The following function would extract the top-10s for a given tissue if there was only one tissue in the dataframe

get_top10 <- function(.df){
  arrange(.df, desc(expression)) %>%
    head(10)
}

I could `split` the data-frame into a list based on the "tissue" values, order the subtables by expression, take the head of those subtables and join them back up. Something like

df %>% 
  split(f = df$tissue) %>% 
  map_df(get_top10)

Which works perfectly fine.

Or, I could use nest

df %>%
  group_by(tissue) %>%
  nest() %>%
  mutate(data = map(data, get_top10)) %>%
  unnest()

The value of nest() over split() is that you can group_by multiple different columns at the same time and you don't have to do that ugly df$my_column stuff.


2018-03-29

knit_expand

- If anyone reading this is aware of a way to use knit_expand to include a dynamic number of figures in the same way as the following (for tables), please comment -

Rmarkdown is great. It's lightweight and it's versatile; compared with .lyx and jupyter-notebooks it doesn't surround your code with tag-crap and it's consequently easier on git (and you don't get an equivalent of `pushed-a-compiled-ipynb-to-bitbucket` hell).

But sometimes you need to know little tricks.

You can only print a single result from a given R code-block. And sometimes you want to print out the same `kind` of result multiple times.  For example, you might have ran 8 analyses and want to print out a table for each analysis.

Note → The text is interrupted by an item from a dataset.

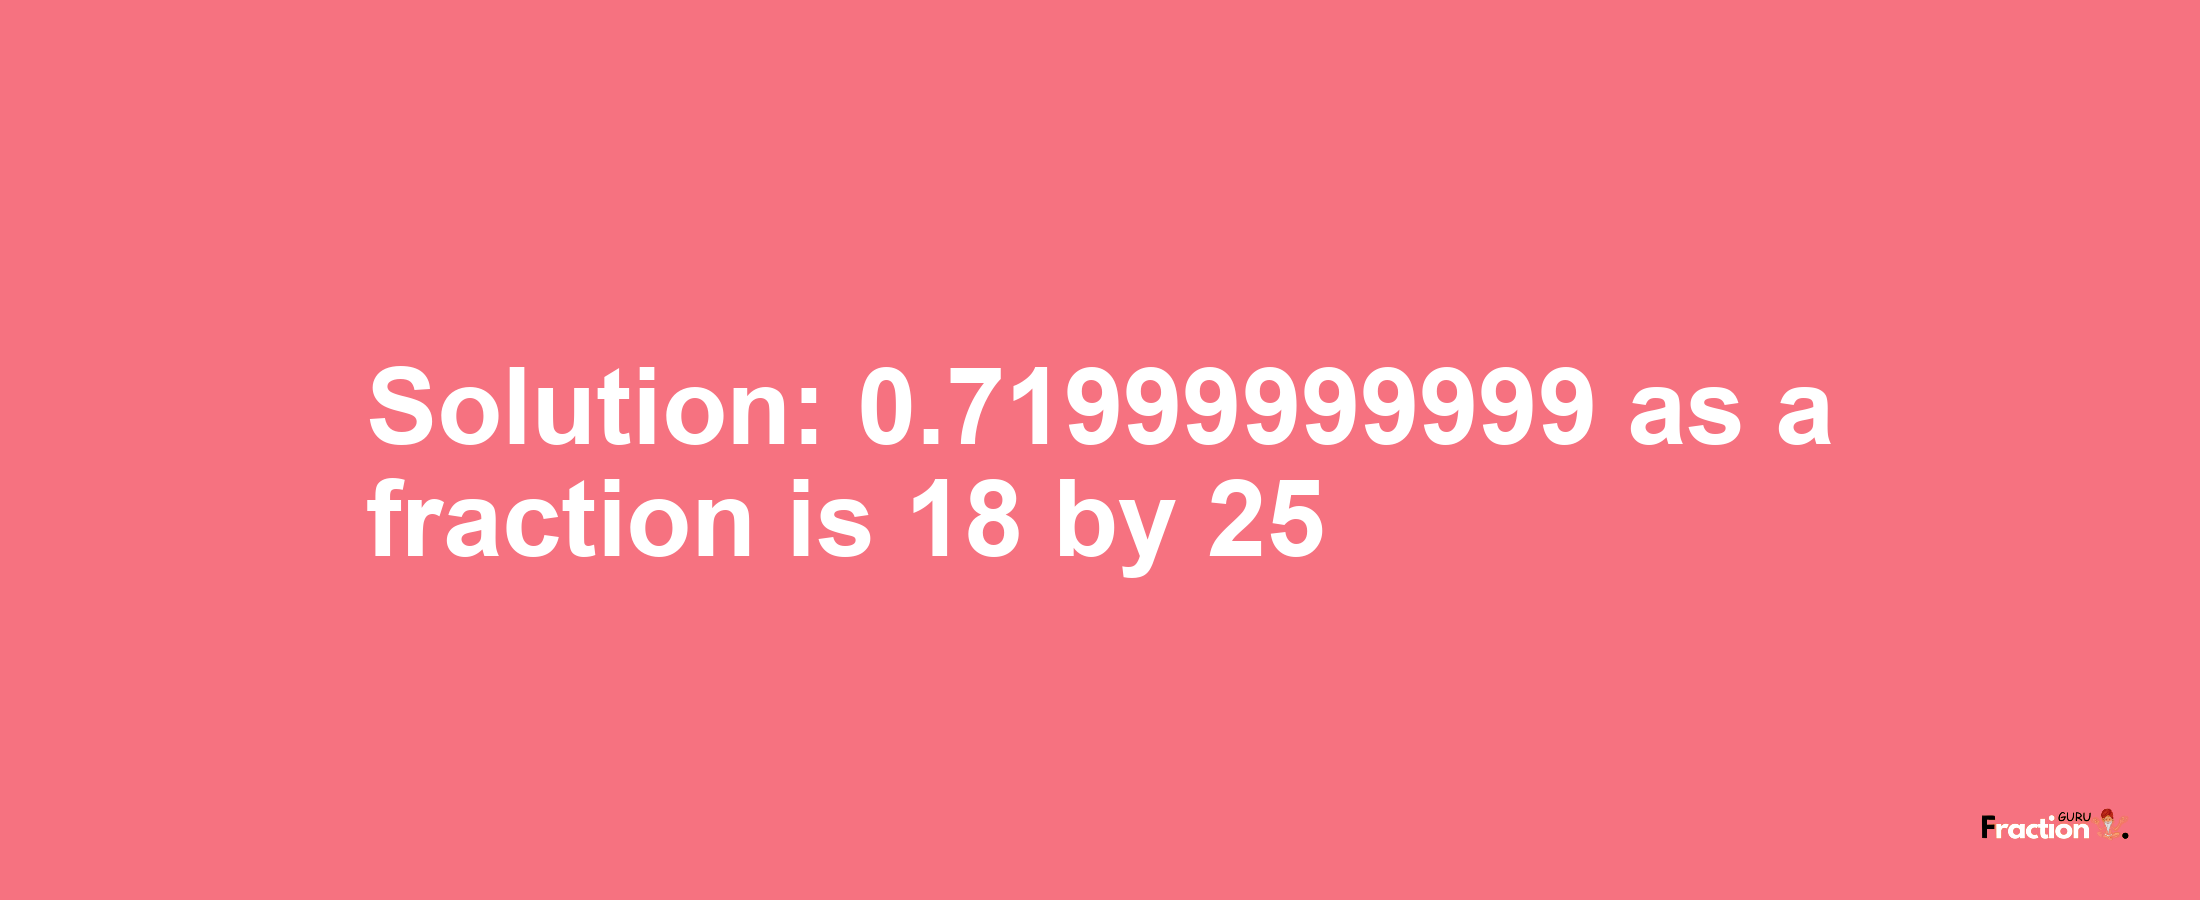 Solution:0.71999999999 as a fraction is 18/25
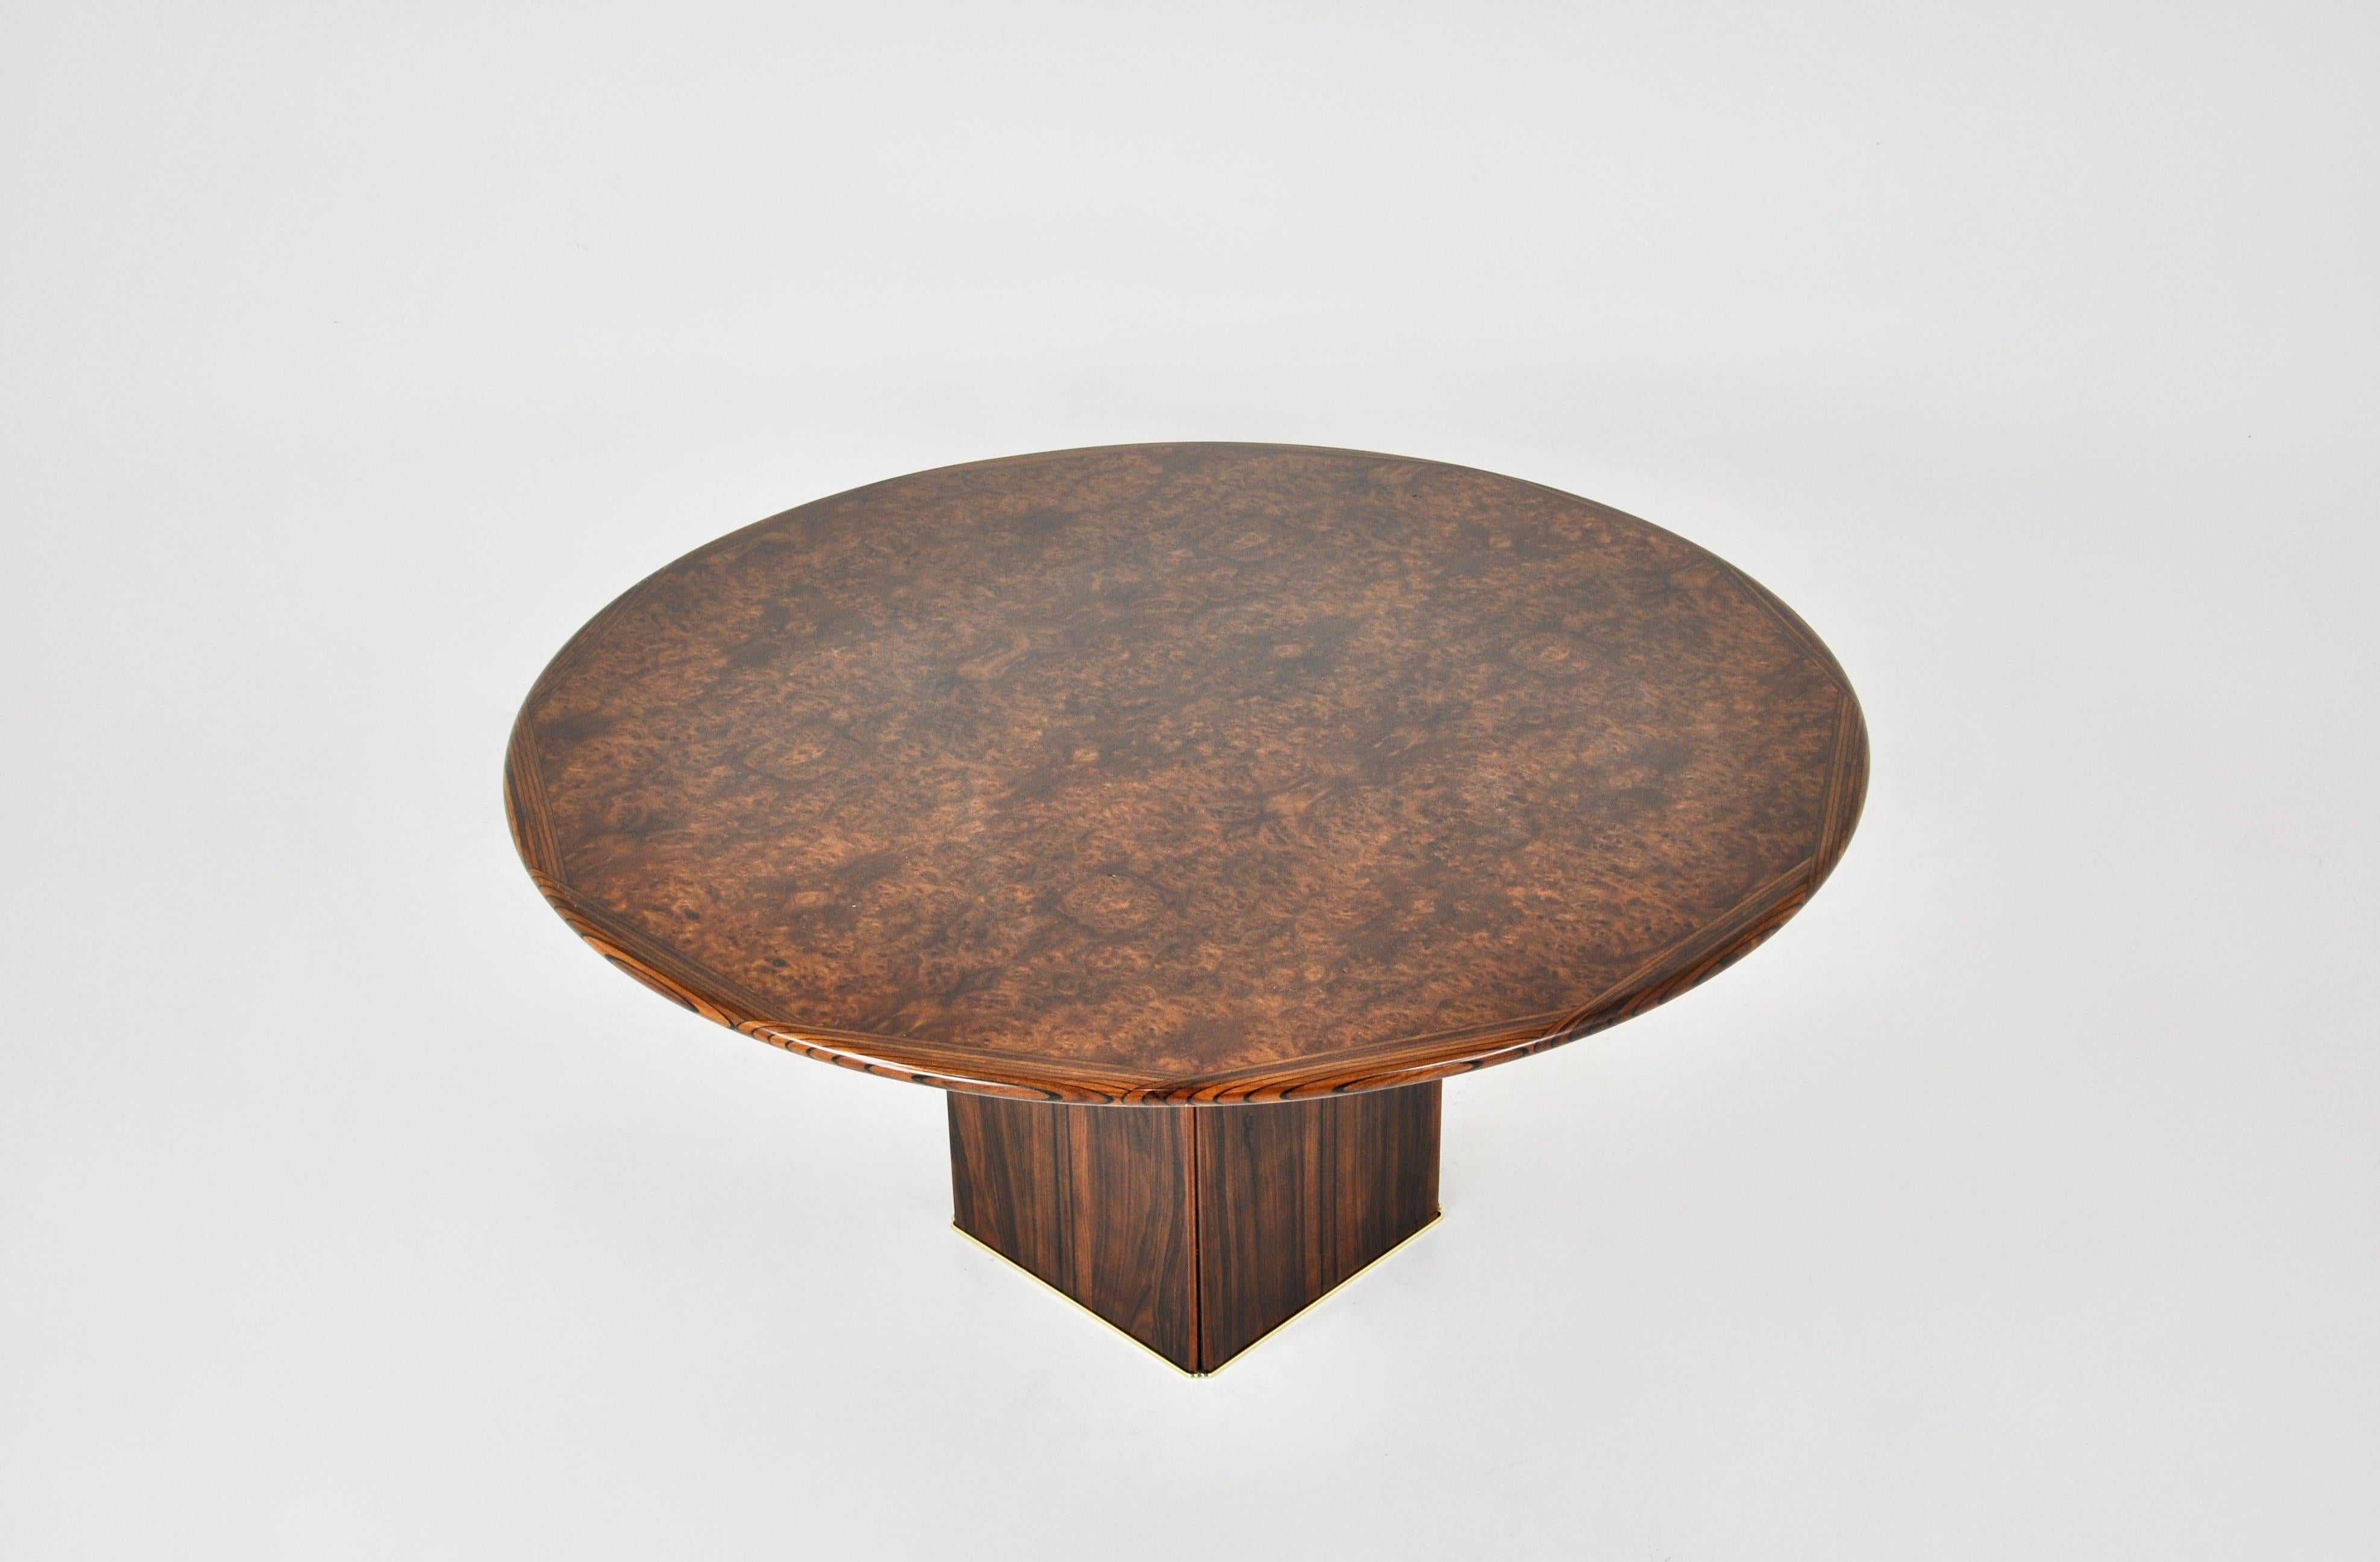 Round wooden table by Tobia and Afra Scarpa. Bottom of leg encircled in brass. Stamped concrete block inside the table for stability. Wear due to time and age of the table.

Pffft, just write my_tables[[1]], my_tables[[2]], .... my_tables[[8]] in 8 different blocks - DONE!.... ?

That's some ugly stuff going on right there. What if you add another analysis. What if you want to subfilter each table. What if you want to do XXX that means you'll have to touch each of those 8 lines of code or add an extra identical line of code?

Use `knit_expand` inside a map and then knit the result - this formats your code ready for printing . Each call to knit_expand will convert your code to a knittable form.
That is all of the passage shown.